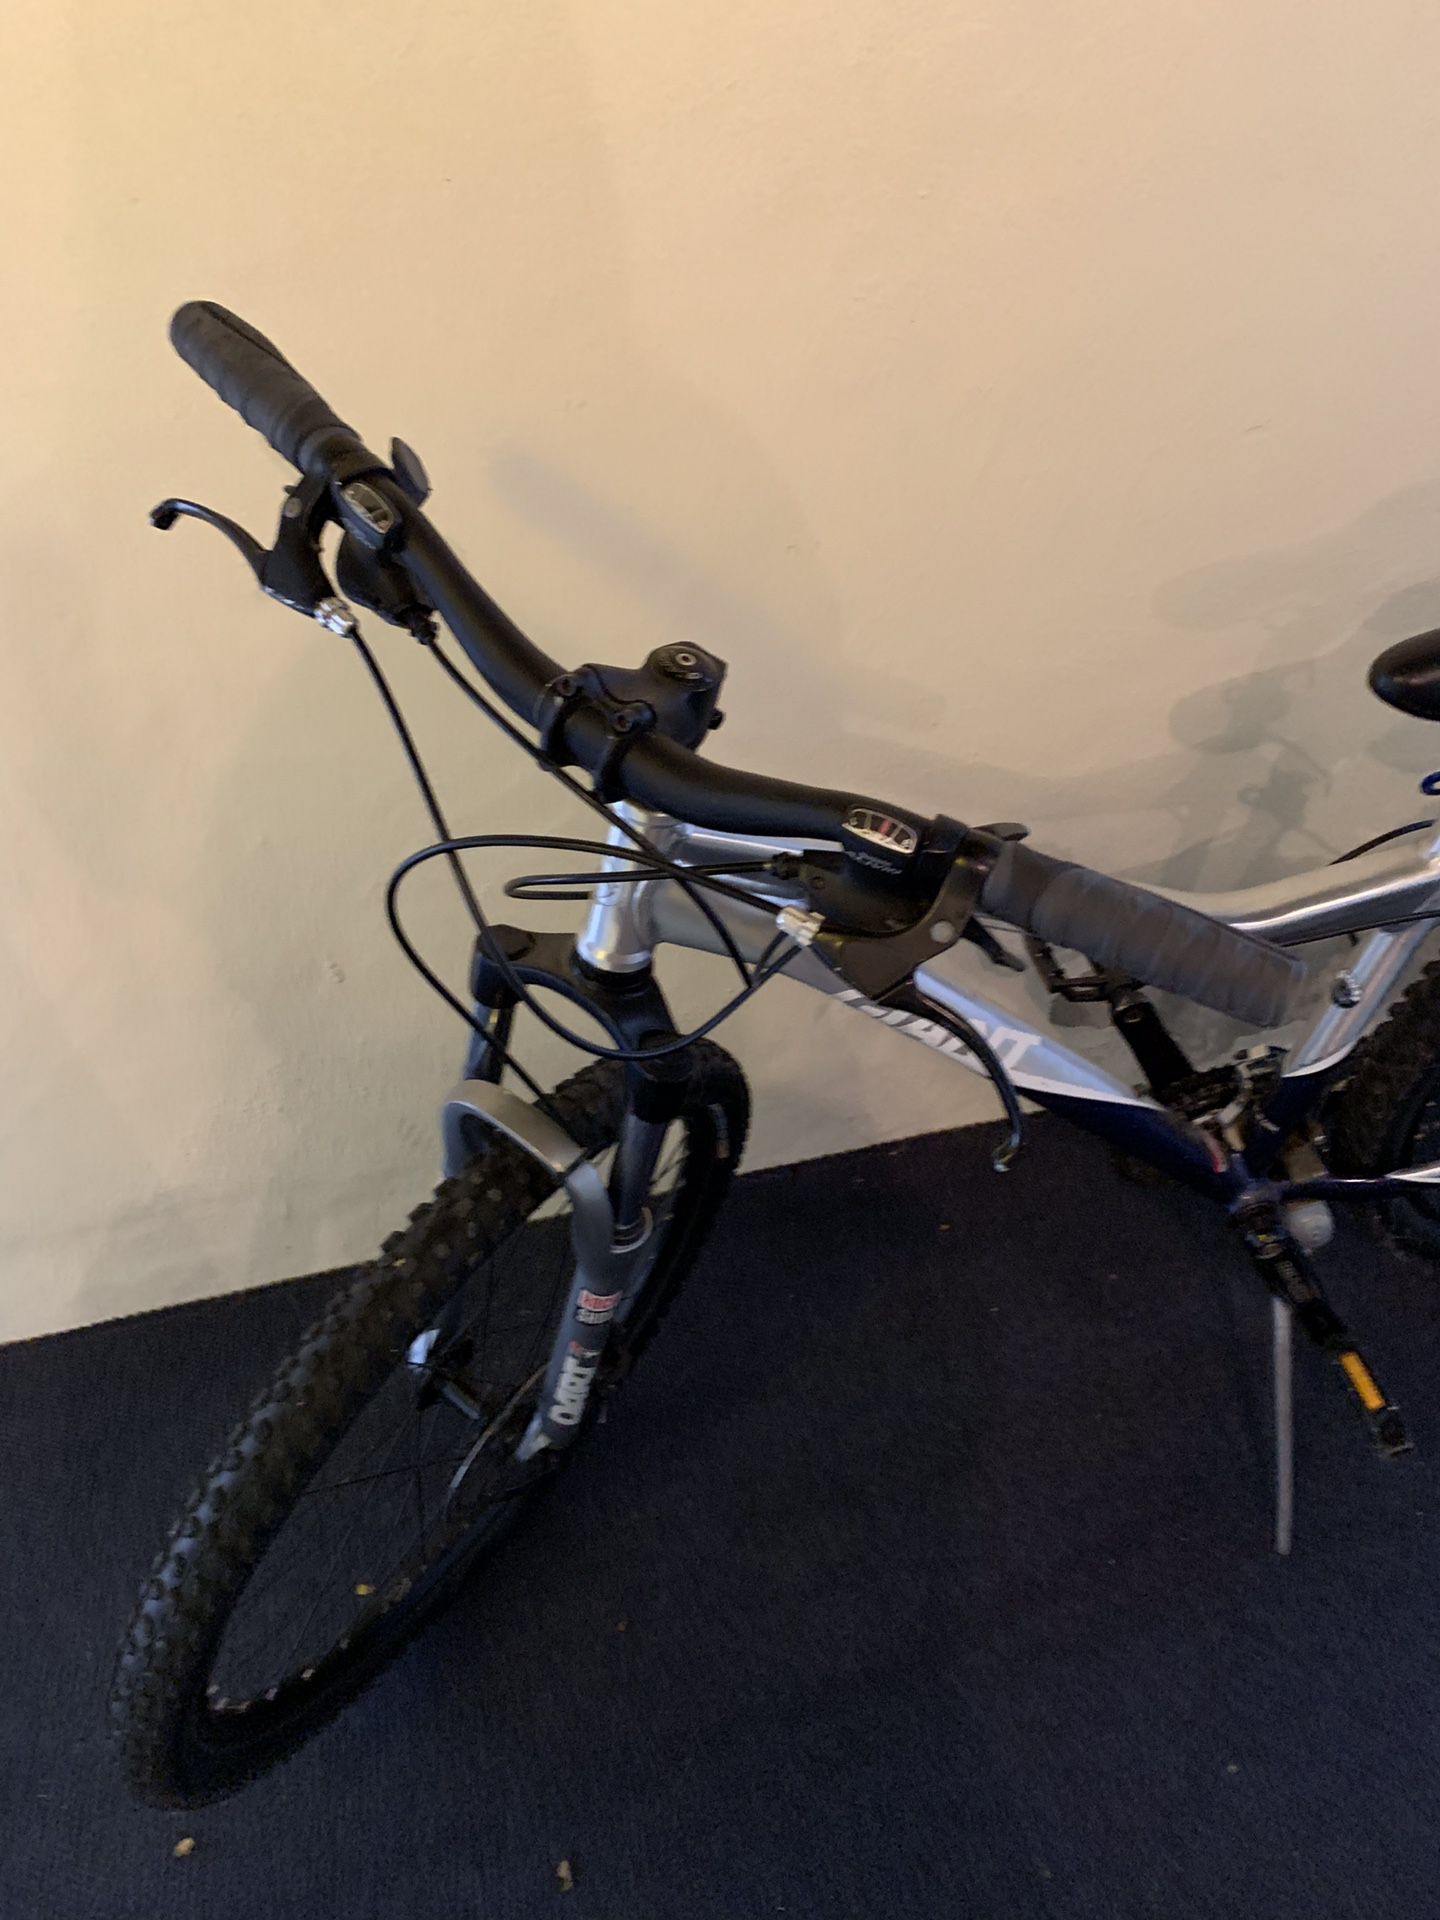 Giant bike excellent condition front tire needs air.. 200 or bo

---

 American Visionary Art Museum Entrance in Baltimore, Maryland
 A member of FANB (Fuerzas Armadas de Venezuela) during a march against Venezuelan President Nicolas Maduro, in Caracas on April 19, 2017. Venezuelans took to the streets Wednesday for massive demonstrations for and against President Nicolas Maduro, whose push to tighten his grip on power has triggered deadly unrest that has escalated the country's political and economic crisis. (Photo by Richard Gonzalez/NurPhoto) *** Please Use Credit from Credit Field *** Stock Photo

The task:
From the entries above, restate word for word the lines from the line containing "American Visionary Art" to the line containing "A member of", both ends included, and nothing more.

Answer for this exercise:
 American Visionary Art Museum Entrance in Baltimore, Maryland
 A member of FANB (Fuerzas Armadas de Venezuela) during a march against Venezuelan President Nicolas Maduro, in Caracas on April 19, 2017. Venezuelans took to the streets Wednesday for massive demonstrations for and against President Nicolas Maduro, whose push to tighten his grip on power has triggered deadly unrest that has escalated the country's political and economic crisis. (Photo by Richard Gonzalez/NurPhoto) *** Please Use Credit from Credit Field *** Stock Photo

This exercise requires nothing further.